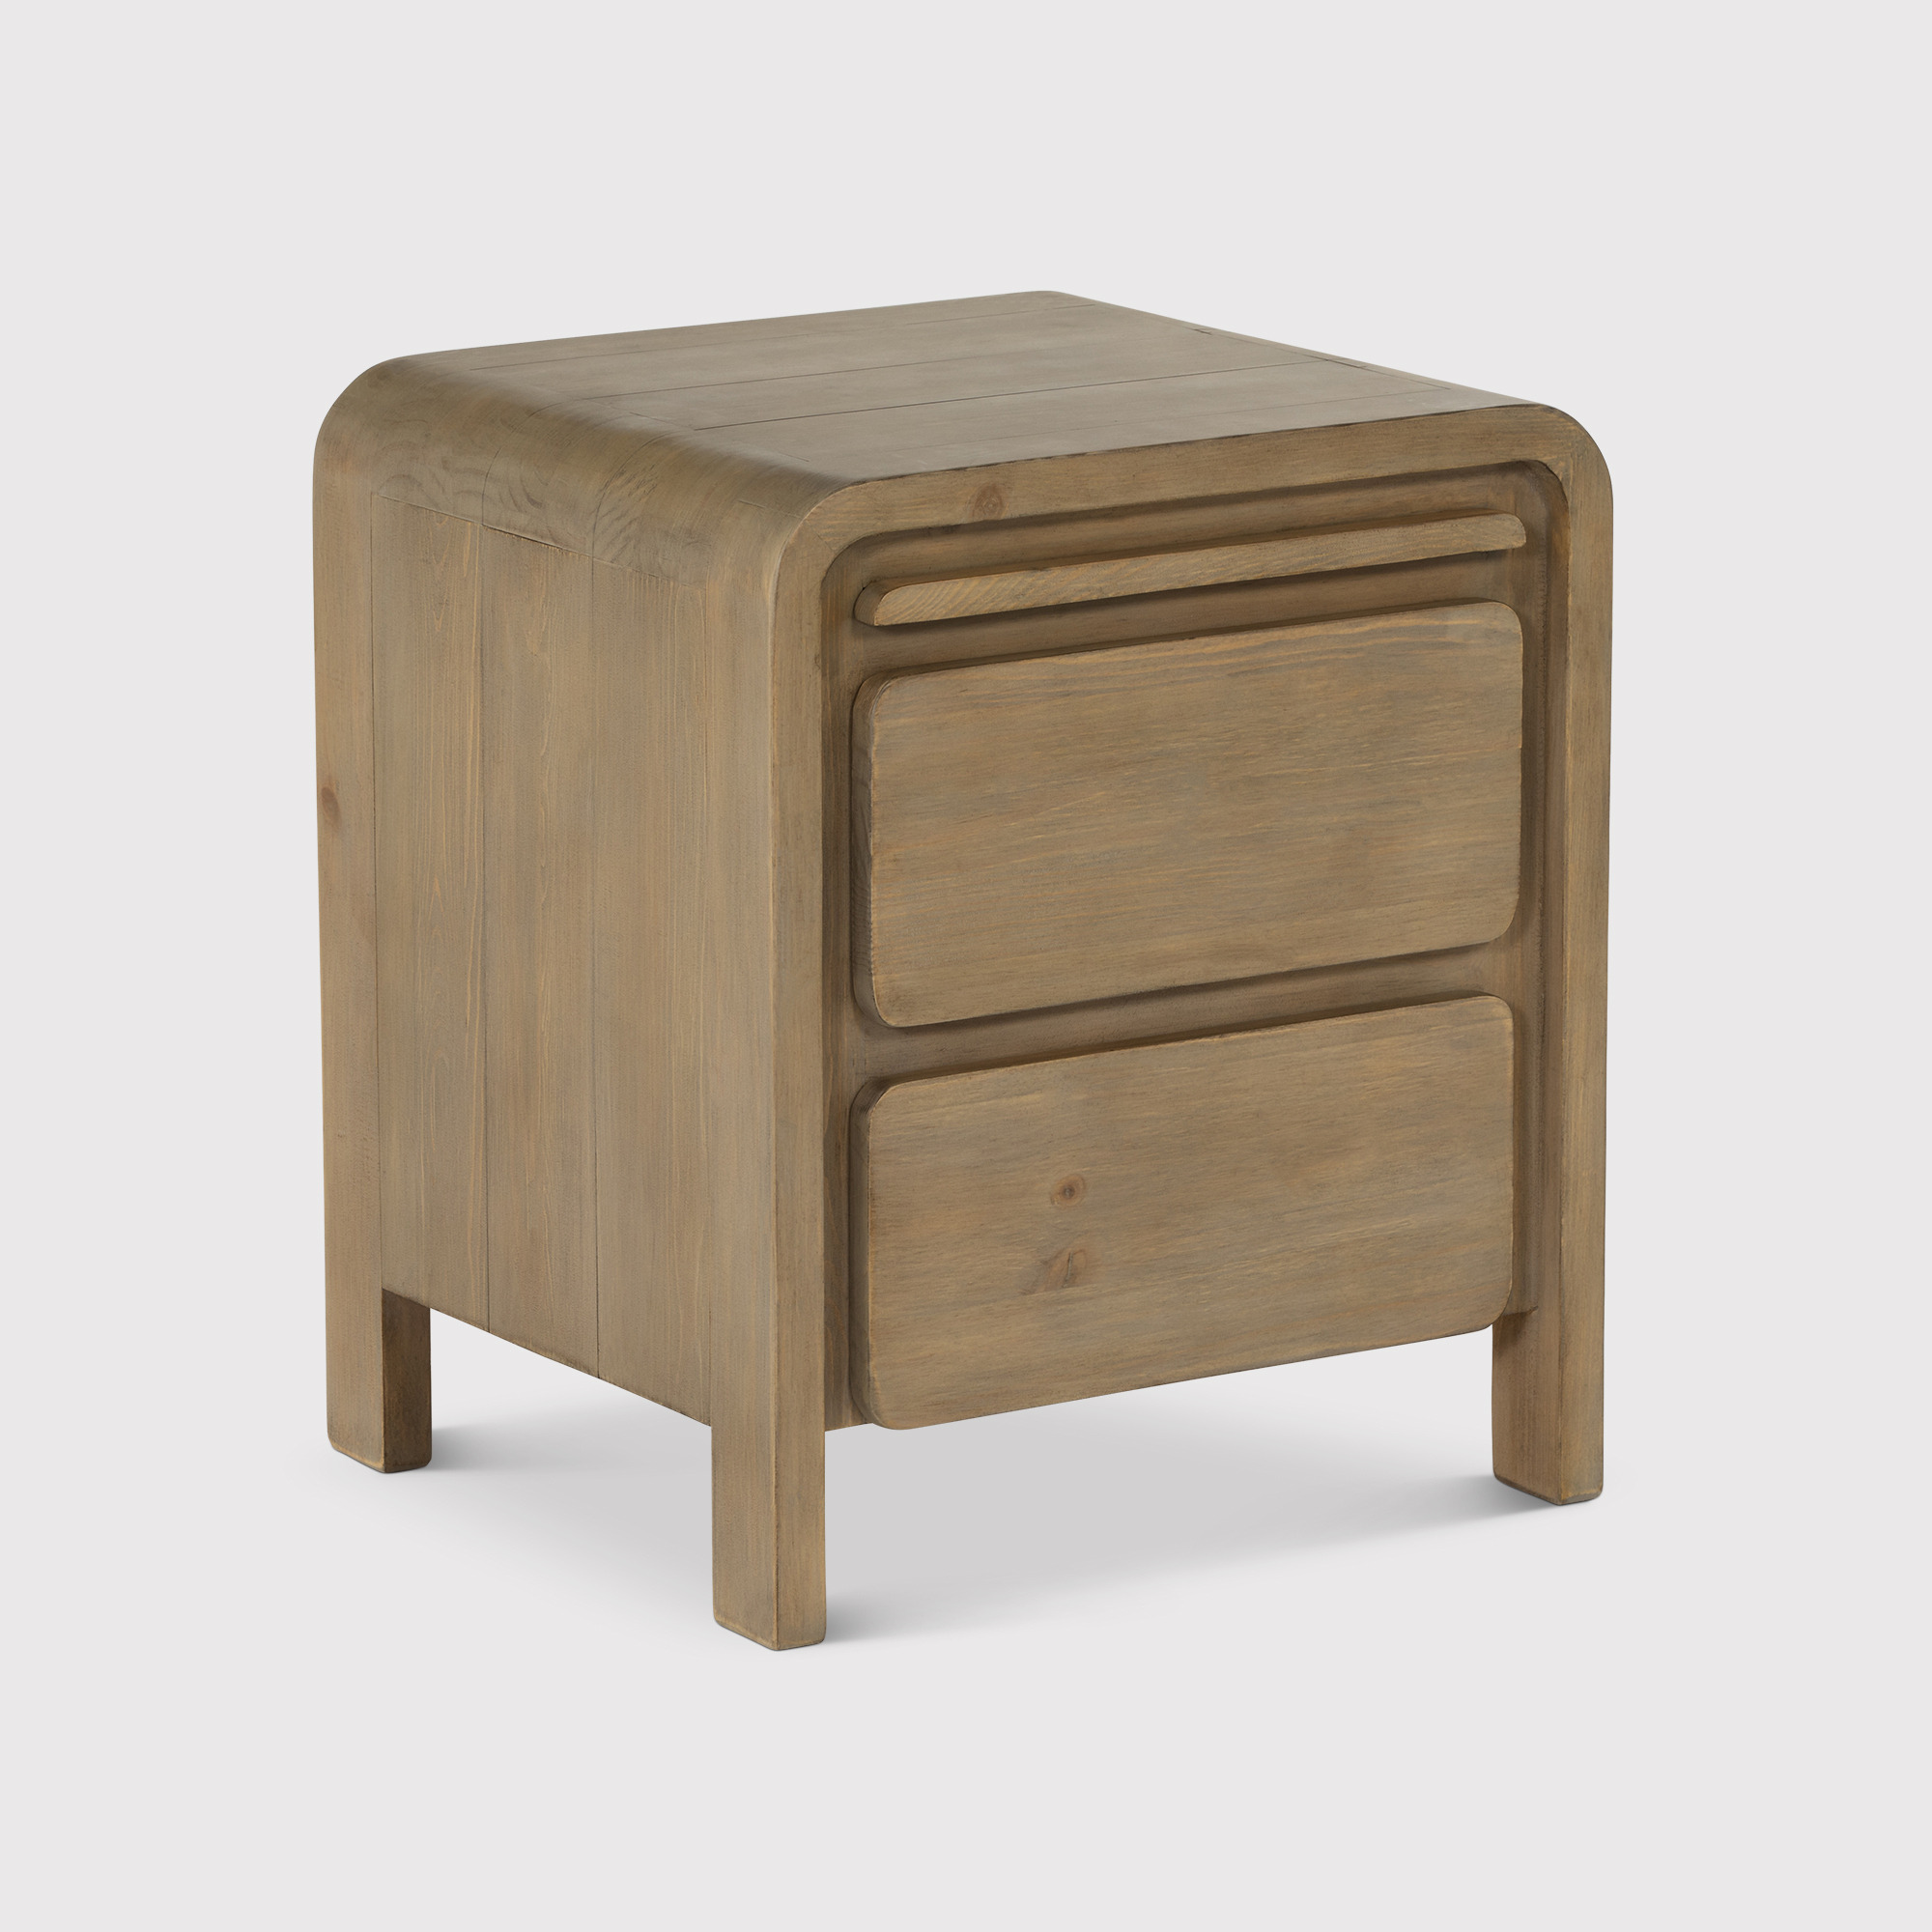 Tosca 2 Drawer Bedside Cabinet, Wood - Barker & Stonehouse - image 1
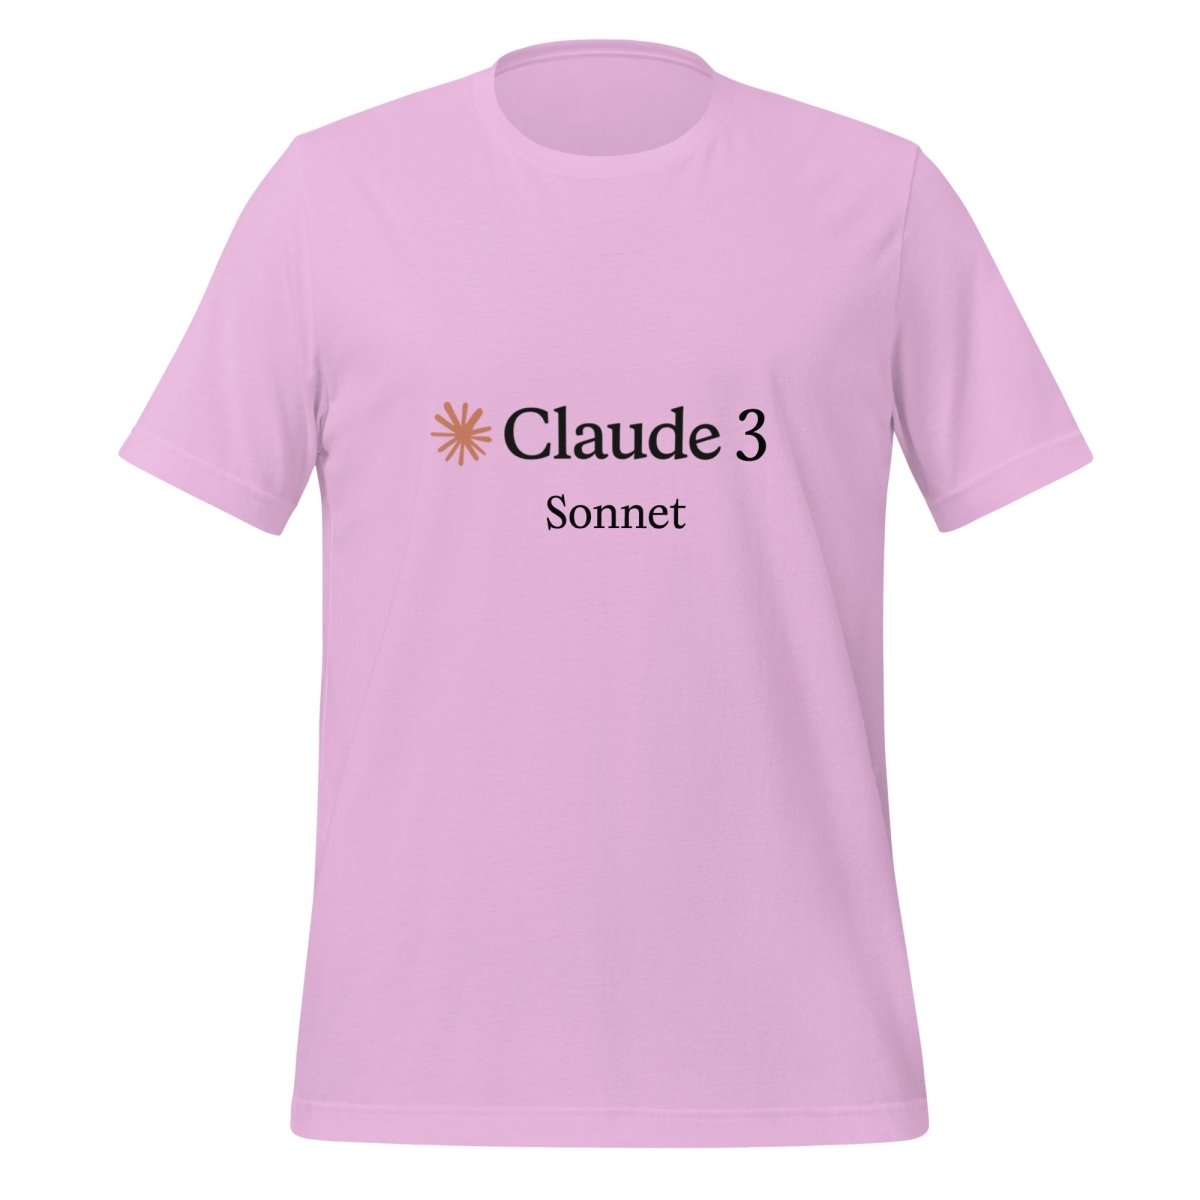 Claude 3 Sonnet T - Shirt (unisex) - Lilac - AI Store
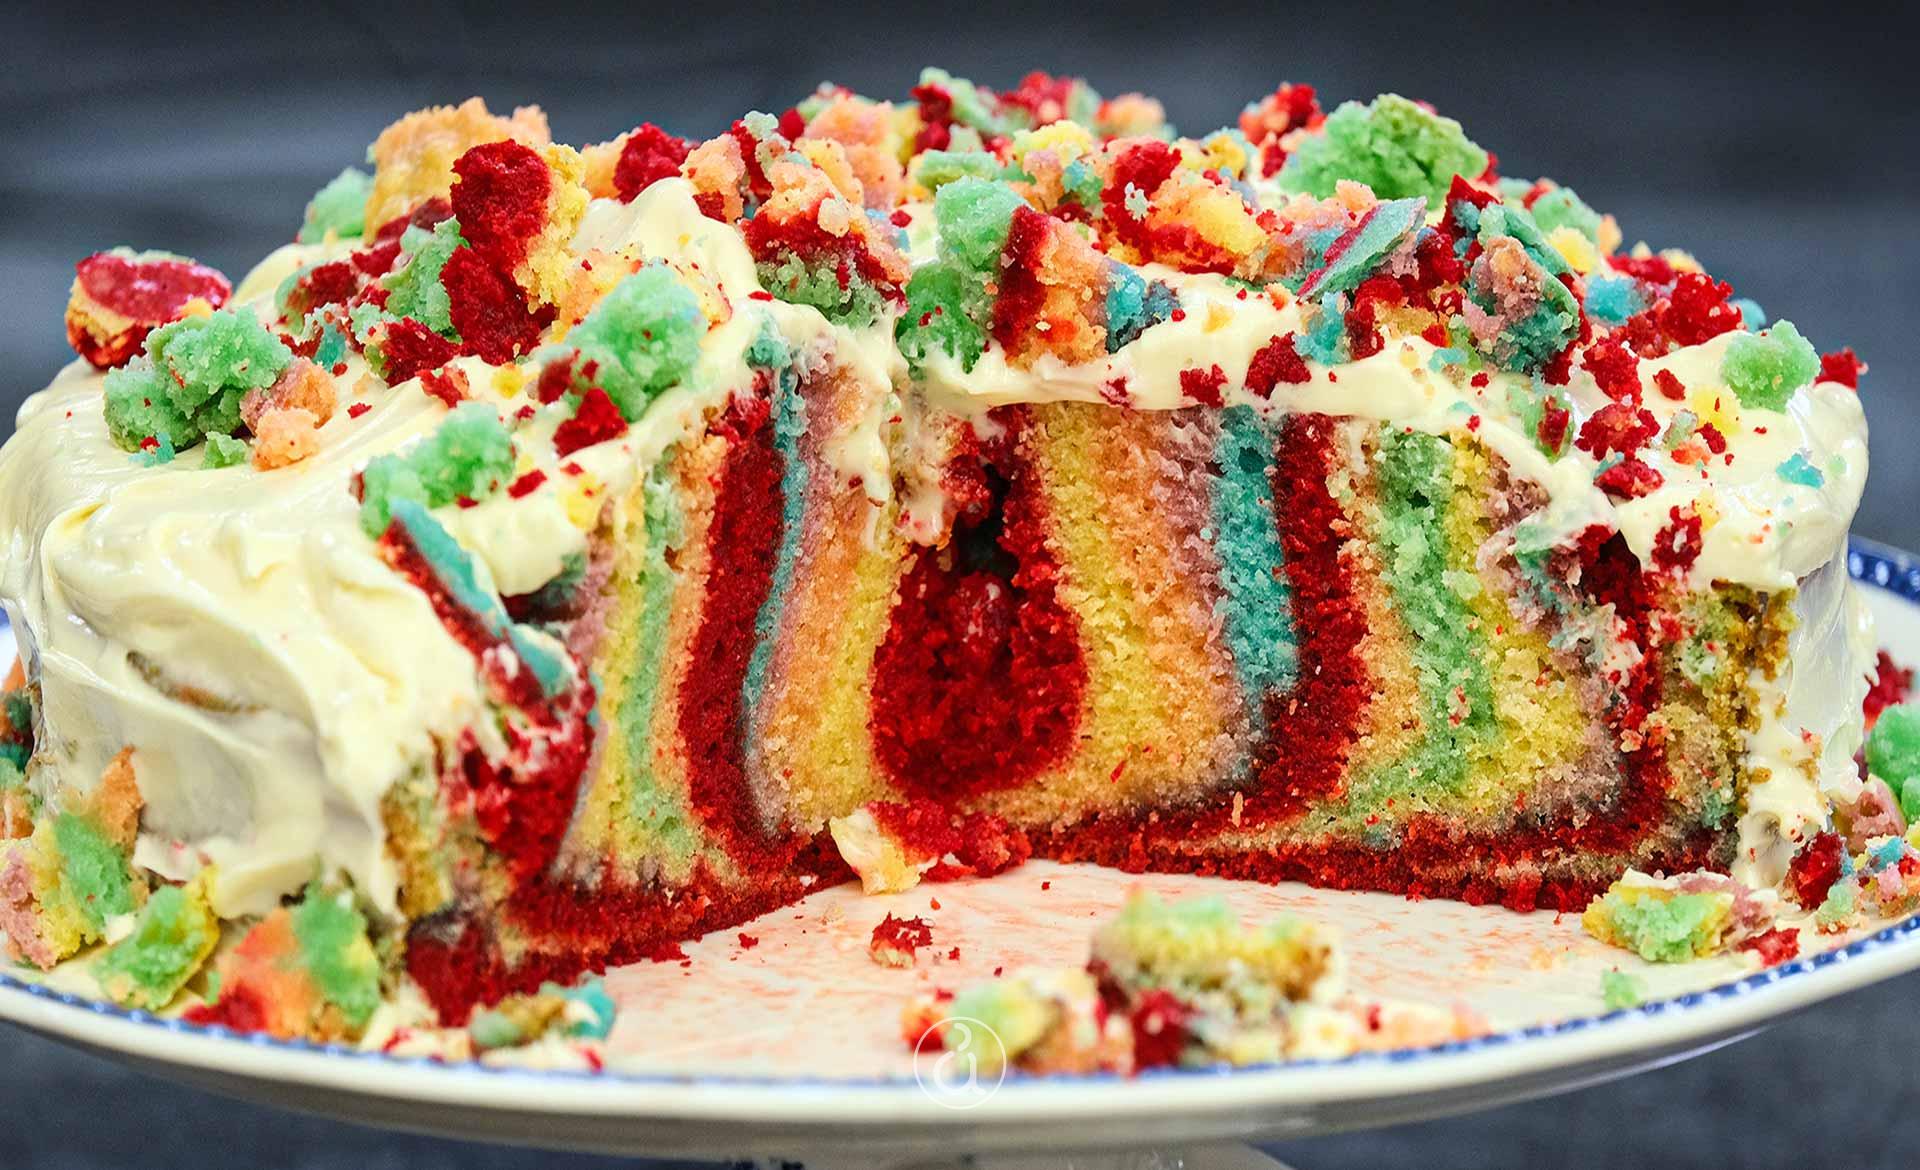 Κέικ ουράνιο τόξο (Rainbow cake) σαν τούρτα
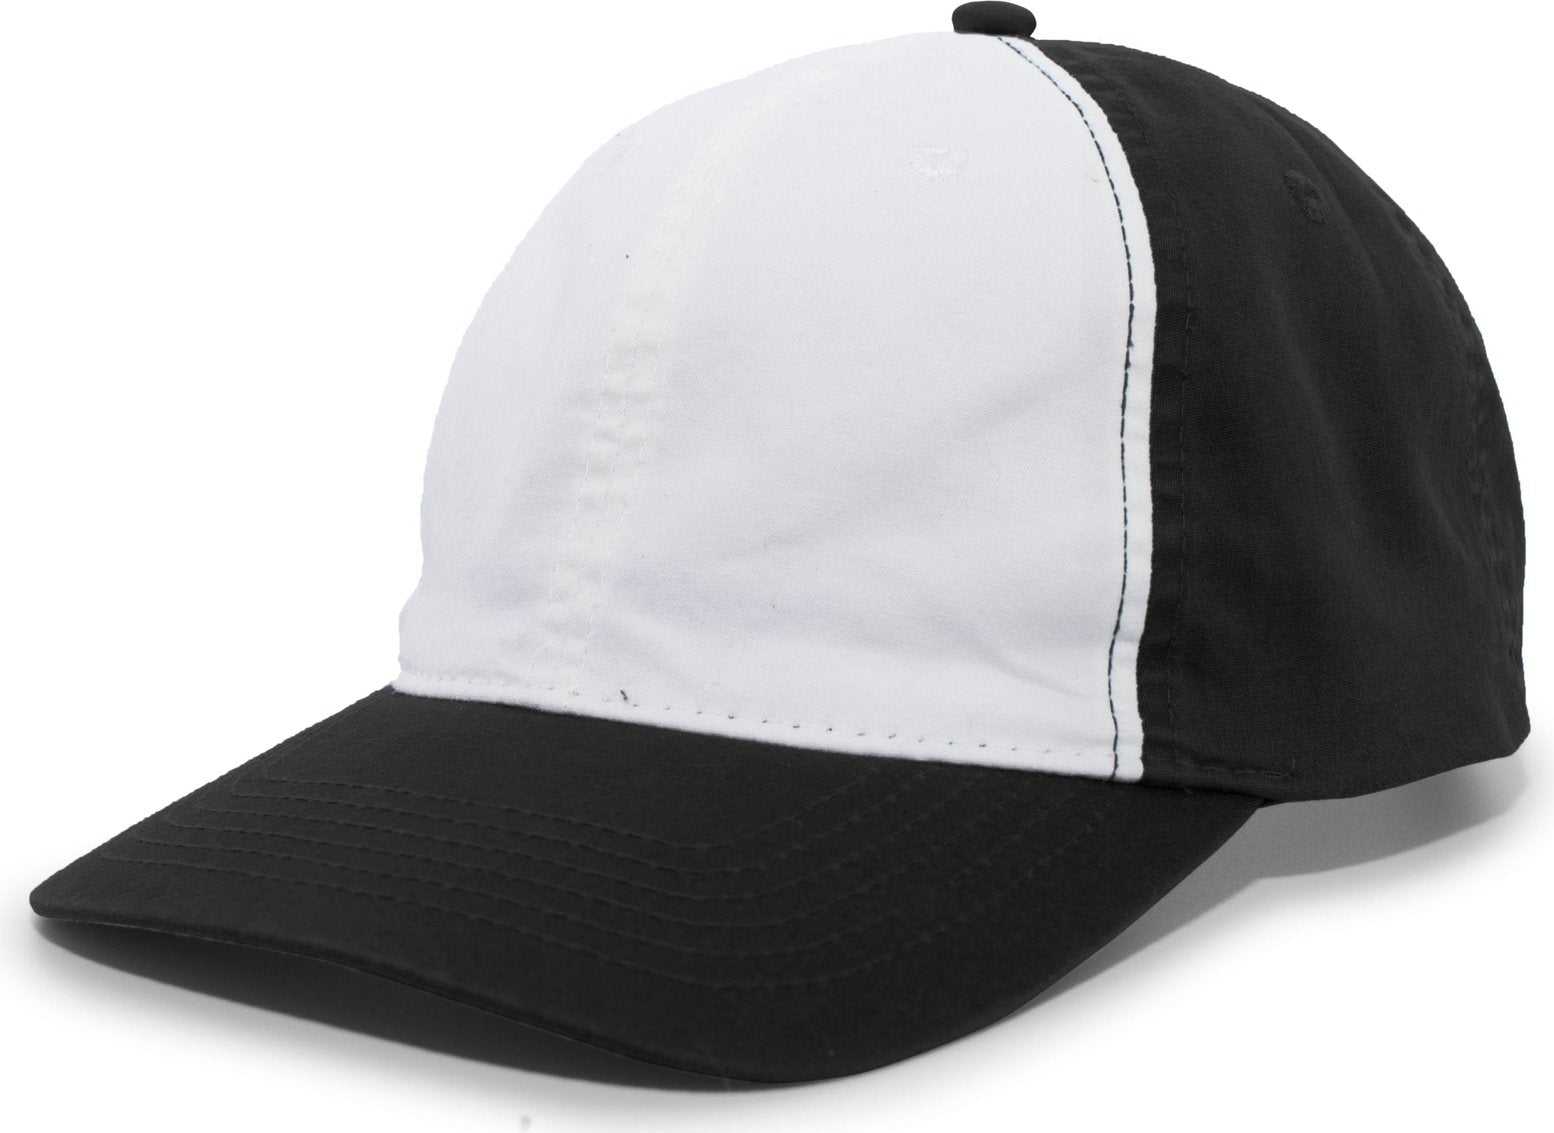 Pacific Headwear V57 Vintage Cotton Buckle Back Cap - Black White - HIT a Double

_ _ _ _ _

### Your task
None of the pictures should be reproduced; all other material above must be set down exactly.

### The completed task
 Tosca 2 Drawer Bedside Cabinet, Wood - Barker & Stonehouse - image 1
 Claude 3 Sonnet T - Shirt (unisex) - Lilac - AI Store
 Κέικ ουράνιο τόξο (Rainbow cake) σαν τούρτα
 Pacific Headwear V57 Vintage Cotton Buckle Back Cap - Black White - HIT a Double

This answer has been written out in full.